Thérèse's autobiography has therefore become a “great runner” in the spiritual literature of our century and an ever-unattainable bestseller, because in it everyone, from the simplest believers to the most learned theologians, can experience how a being originally neurotic-egoistic and once again neurotic due to bad religious upbringing is transformed by God into the greatest lover and the greatest “missionary” of our century.
When asked about her farewell word, Thérèse responds: “I have said everything: Only love counts!” And one of her last words, shortly before her death by asphyxiation: “I do not regret having committed myself to love, no, I do not regret it!”
P. Theophan Beierle OCD
Thérèse of the Child Jesus resembles a person who, with all her might, fights against something of which we see neither the exact form nor special enmity. Only in recent years, when she understood herself that she had won, does the face of the adversary reveal itself: it is the lie. The lie in all its forms that it can take on in Christianity, masked by falsehood, half-hearted truth, transitions where holiness and bigotry, art and kitsch, genuine dullness and weakness deserving contempt form an entangled mass. Thérèse’s fate is to live on this edge, to be not only continually – in life and after death – misunderstood, but also often incomprehensible; to fight with the weapons of the time against that time, to have to struggle with words and images of kitsch for life and death against the lie of kitsch, to shed the false skin with all the strength she had without being able to leave her prescribed environment, without being able to, without wanting to… She penetrates all the charms and forgeries to the simple, naked truth of the Gospel…

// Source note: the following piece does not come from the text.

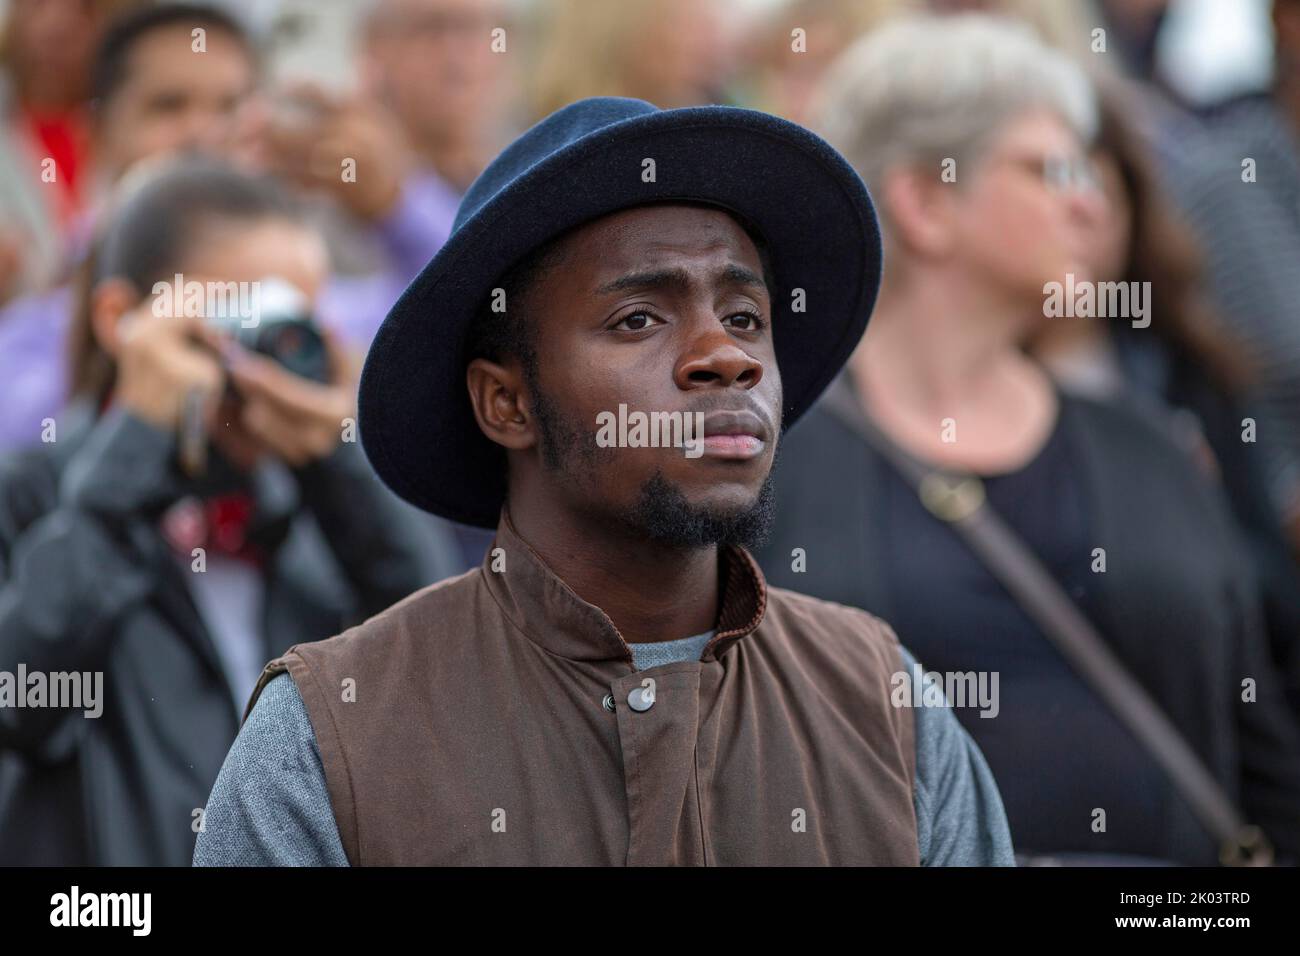 London, UK. 9th September 2022.People gather outside Buckingham Palace, London, following the death of Queen Elizabeth II on Thursday. Photo Horst A. Friedrichs Alamy Live News Stock Photo

And what kitsch has done in mariology! What Thérèse brazenly pushes aside here, a little as if cracking the whip while clearing the temple, is the pious, well-intentioned untruth piled around Our Lady that ultimately leaves souls empty and prevents them from drinking from the fountain of truth.
Hans Urs von Balthasar
(Sisters in Spirit, Einsiedeln 1979)
Kernworte der hl. Theresia von Lisieux (2),
Karmelimpulse II/1993.
Translated by Dr. Vojtěch Pola.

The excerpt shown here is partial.